In 2009, Bragg produced the album "Tangle Free World" for singer/songwriter Anny Celsi. Bragg also toured the UK and Europe with Celsi in 2009, 2010 and 2011, where the duo was augmented by guest musicians including Roland Wolff, Duncan Maitland, Richard Snow, and Nico J Wouters.

===Records and albums===
Bragg is the drummer-percussionist and harmony vocalist on several dozen records, but his most well-known recording other than "Smile" came in 2006, on the In My Room CD tribute to Brian Wilson, included with Mojo magazine's January 2007 issue. Bragg sang lead and drummed on The Mockers Beatlesque version of "God Only Knows." That recording was the largest exposure of Bragg's lead vocal to date with a pressing of over 200,000 copies worldwide. In the Spring of 2007, Bragg embarked on a 30-date tour of Europe and the U.S. with Brian Wilson and Al Jardine from The Beach Boys. The tour included a premiere in London of Wilson's new work That Lucky Old Sun. That Lucky Old Sun.

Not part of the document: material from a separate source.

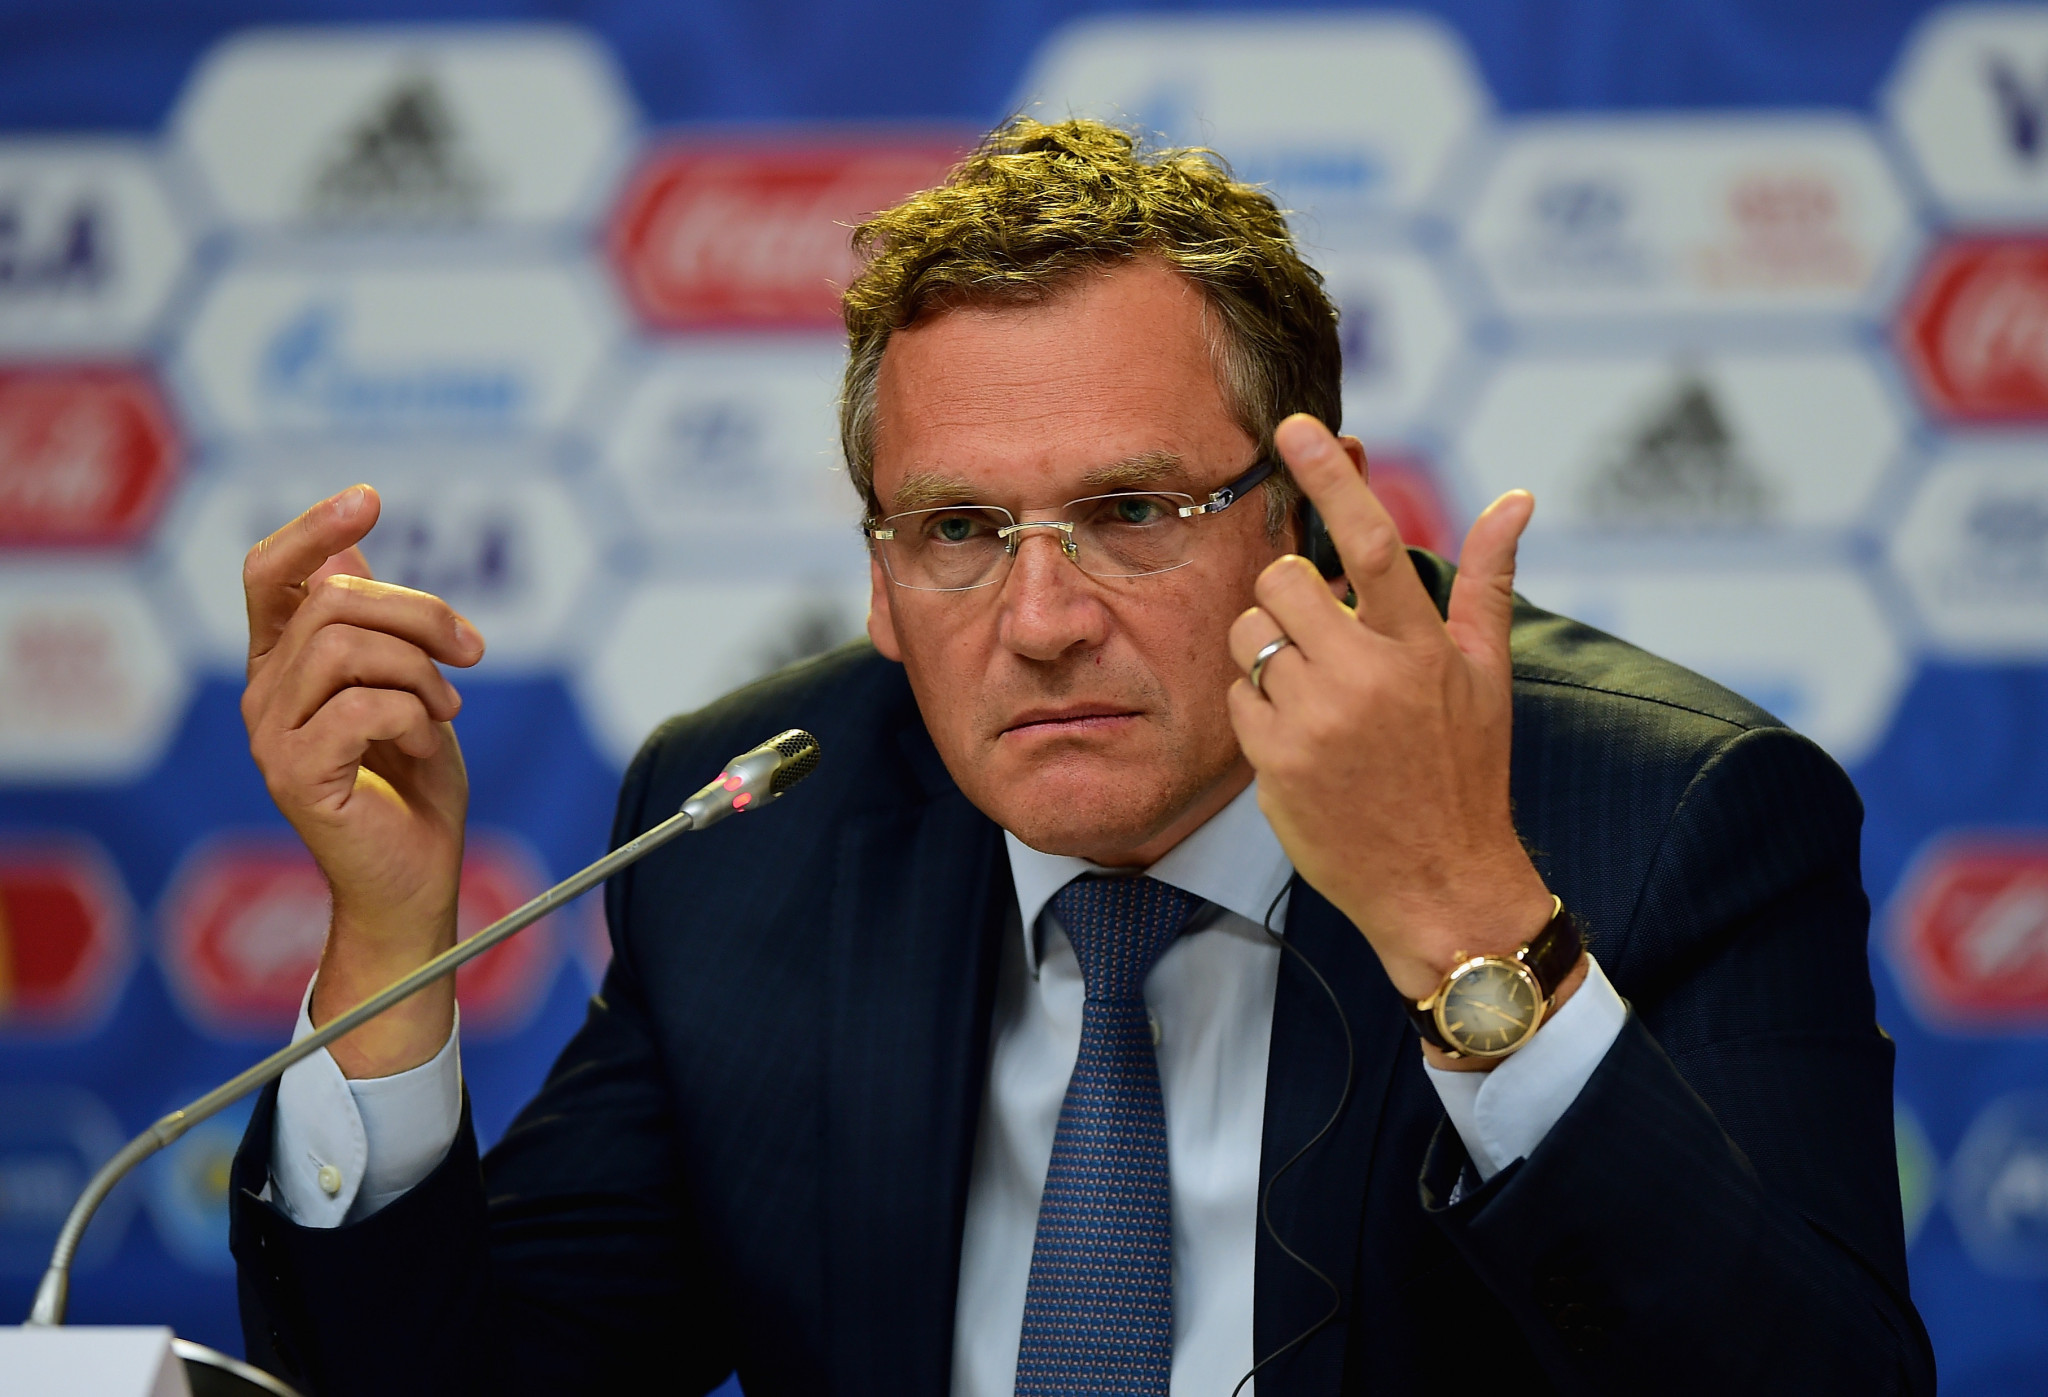 Jérôme Valcke, who was also named in the Panama Papers, was sacked by FIFA in 2016 ©Getty Images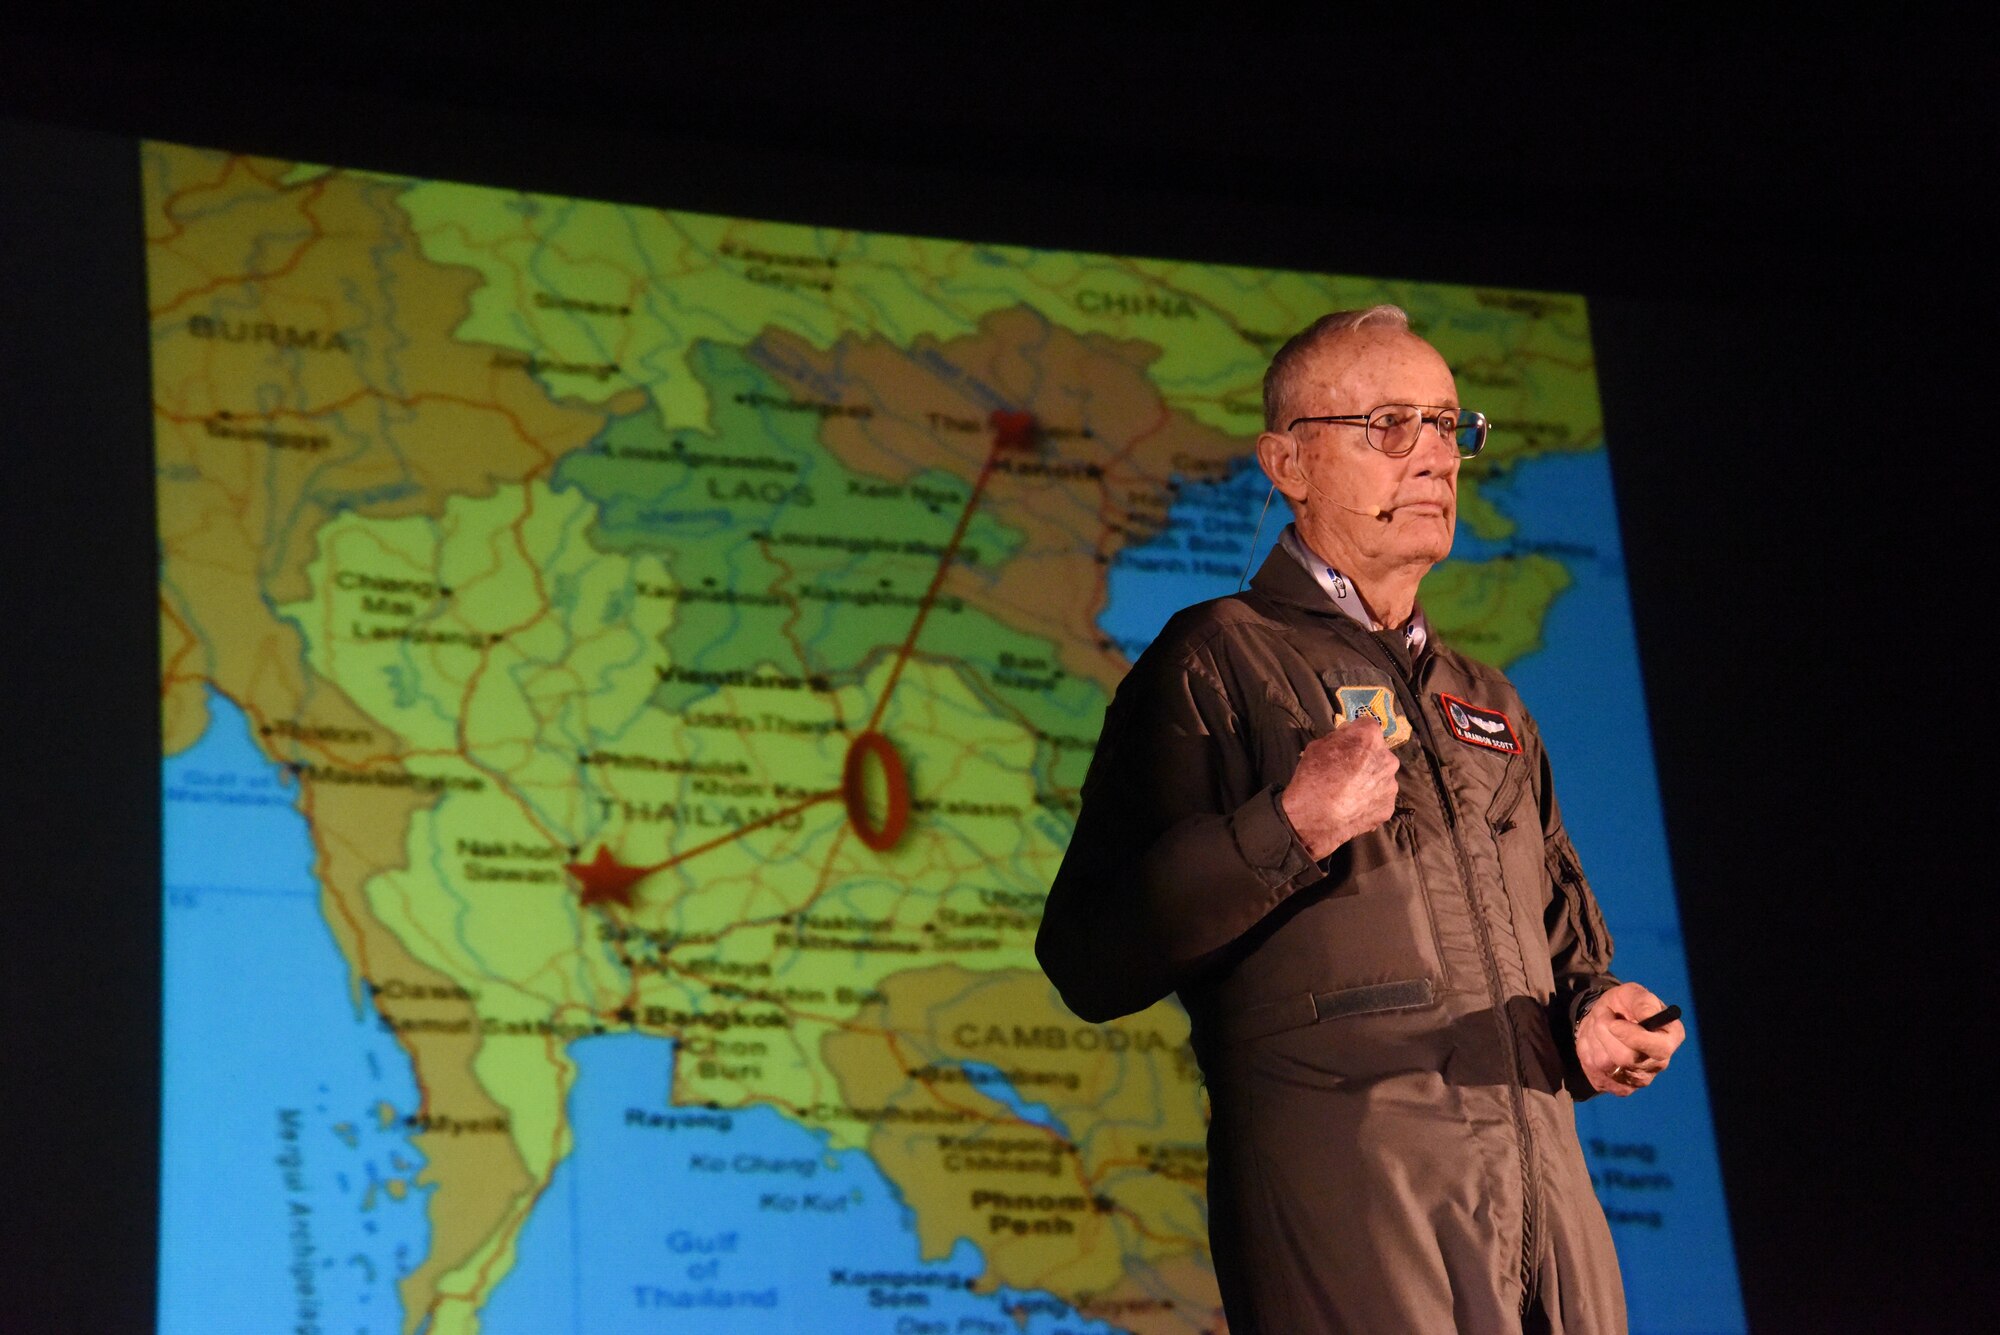 Retired Col. Marty Mahrt speaks about his triumphs and close calls during his time in North Vietnam during the Leaders Inspiring for Tomorrow Summit Apr. 21, 2017, at Fairchild Air Force Base, Washington. The LIFT conference and engagement showcased 18 featured storytellers over a single-day who shared their stories of inspiration, innovation, character and leadership. (U.S. Air Force photo/Tech. Sgt. Travis Edwards)

In 2009, Bragg completed work on his first musical production with singer-songwriter Anny Celsi. "Tangle-Free World" garnered three tours of Europe in 2009, 2010, and 2011, respectively.

In 2010, Bragg embarked on two album tours with Brian Wilson for the Disney-Pearl label; Brian Wilson Re-imagines Gershwin and an album of Disney songs were released in 2010 and 2011, respectively. Bragg was the percussionist on both records and also contributed some vocals to the set. "The Re-imagines" Gershwin record garnered The Brian Wilson Band an elaborate tour of North America and Wilson's first-ever complete tour of Canada.

==Beach Boys 50th Anniversary tour==
Bragg participated in The Beach Boys 50th Anniversary Reunion Tour as the band's percussionist. John Voket wrote in his review that "...percussionist Nelson Bragg was amazing to watch as he deftly handled some of the unique hand instruments that flavored so many Beach Boys numbers while simultaneously contributing backing vocals to almost every tune." Greg Kot, a Chicago Tribune music critic, also positively reviewed Bragg's performance.